═════ AVAILABLE DATA ═════

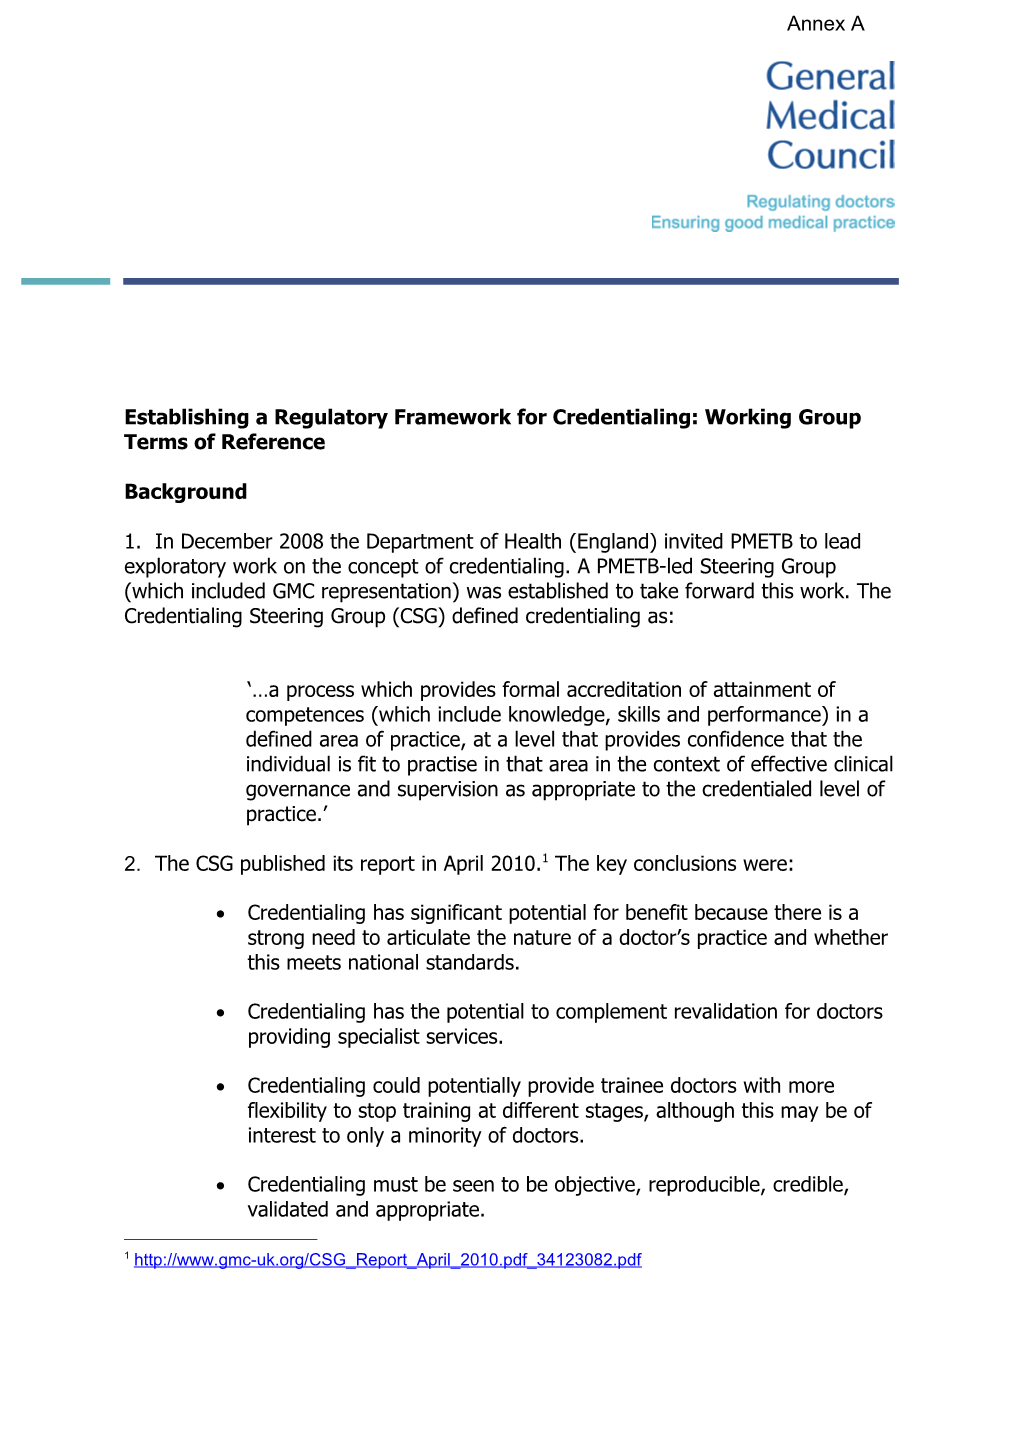 Establishing a Regulatory Framework for Credentialing: Working Group Terms of Reference
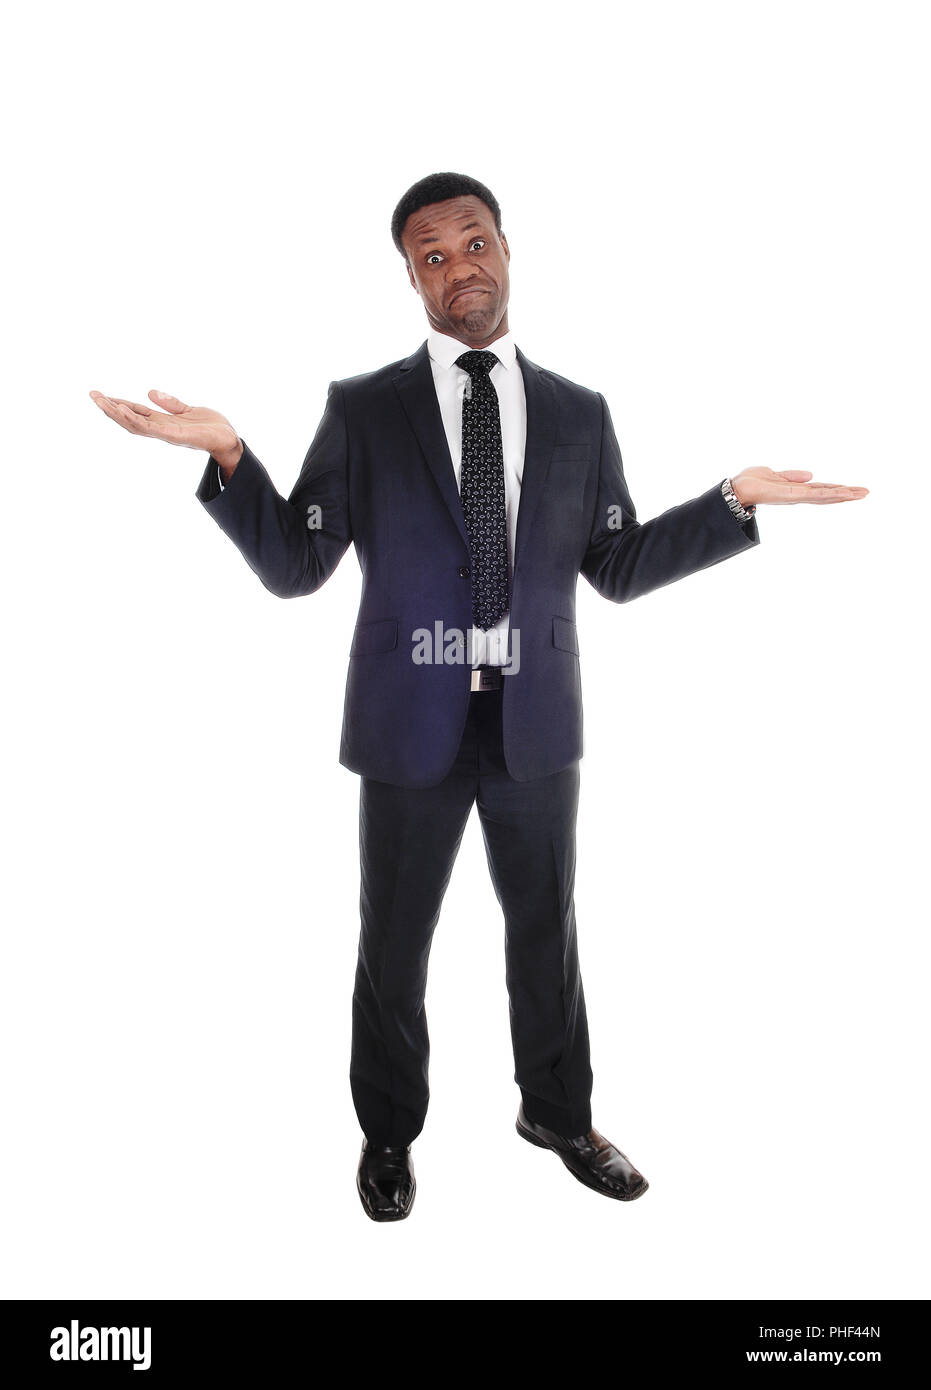 Business man gesturing I don't know Stock Photo
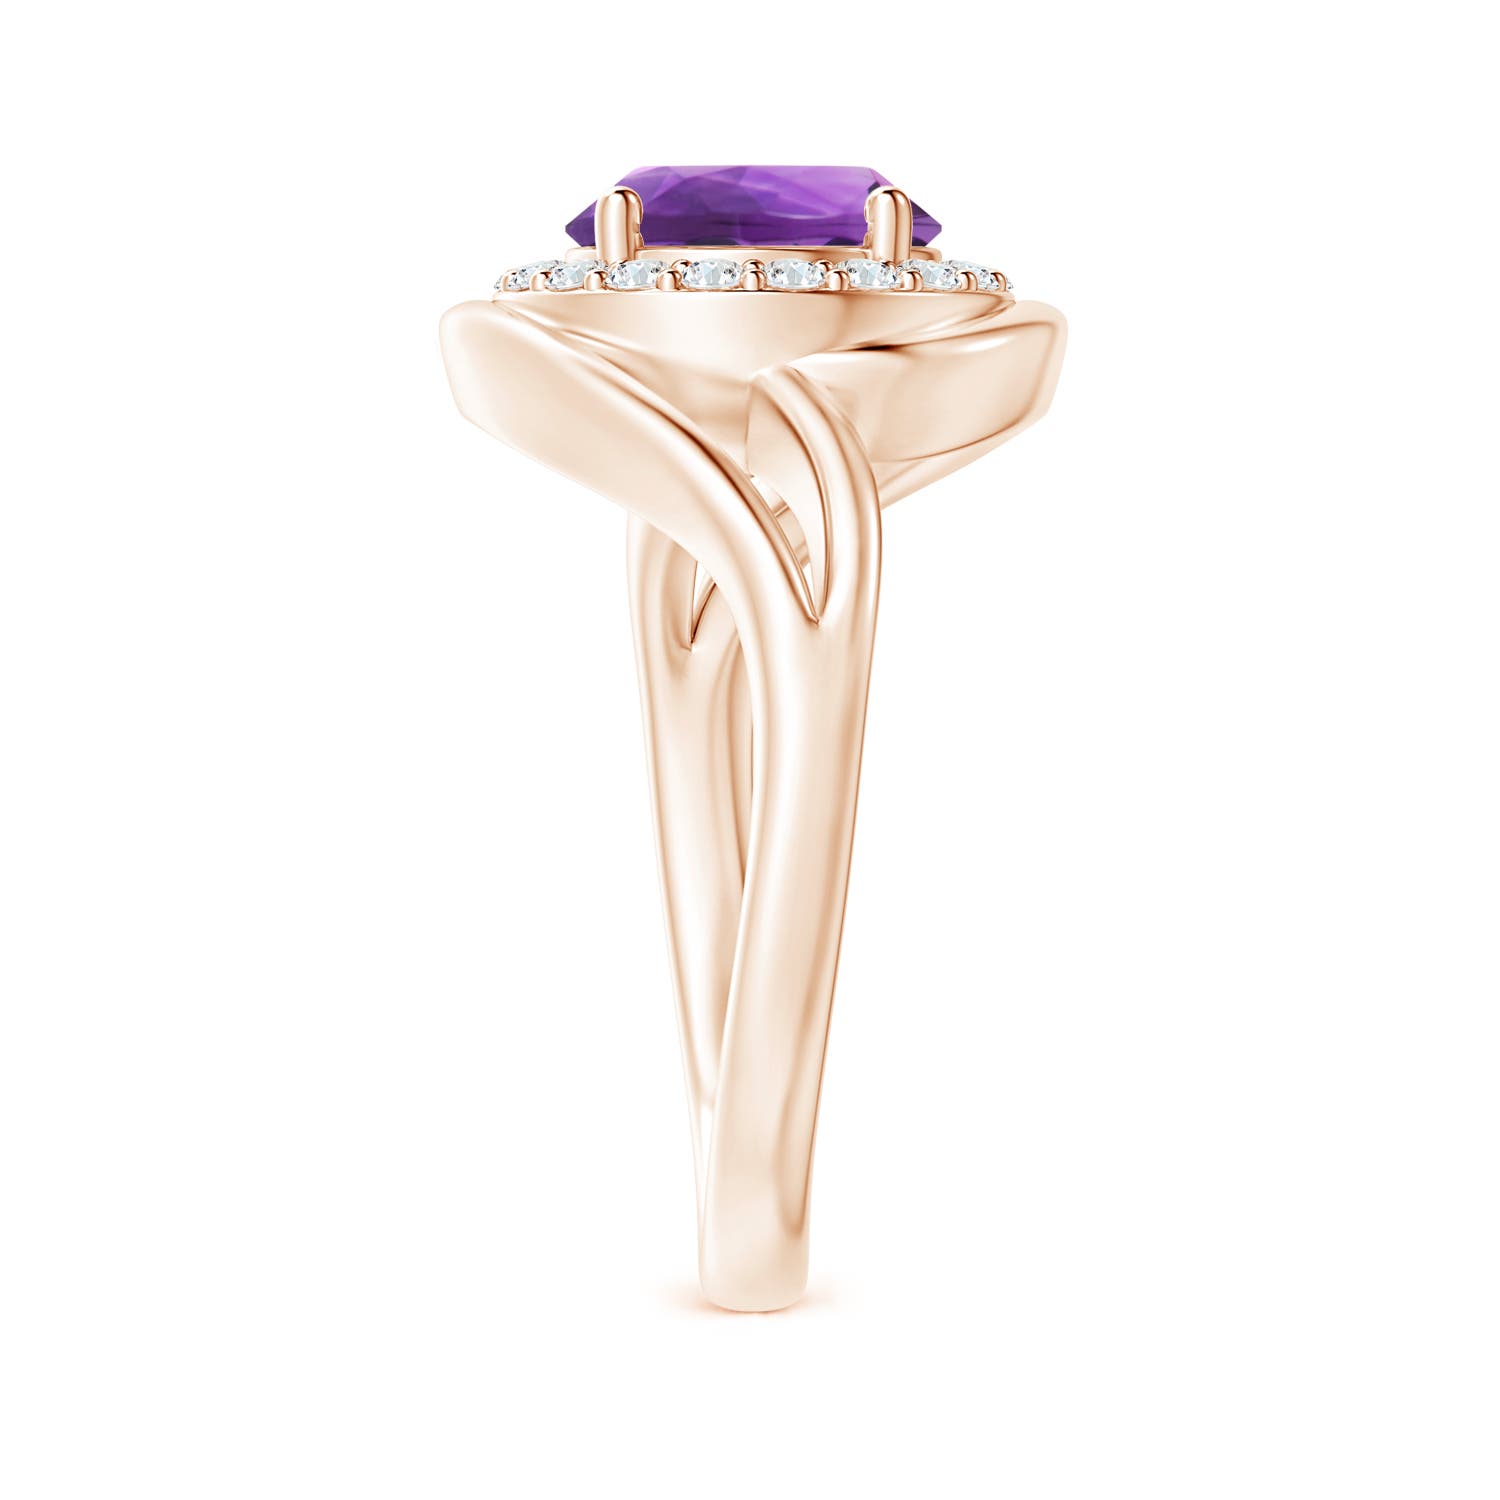 AAA - Amethyst / 1.95 CT / 14 KT Rose Gold

═════

> _WHAT YOU NEED TO DO_: Reproduce the data in full. Do not carry over any picture.

> _FINISHED TASK_:
 Establishing a Regulatory Framework for Credentialing: Working Group Terms of Reference
 Business man gesturing I don't know Stock Photo
 AAA - Amethyst / 1.95 CT / 14 KT Rose Gold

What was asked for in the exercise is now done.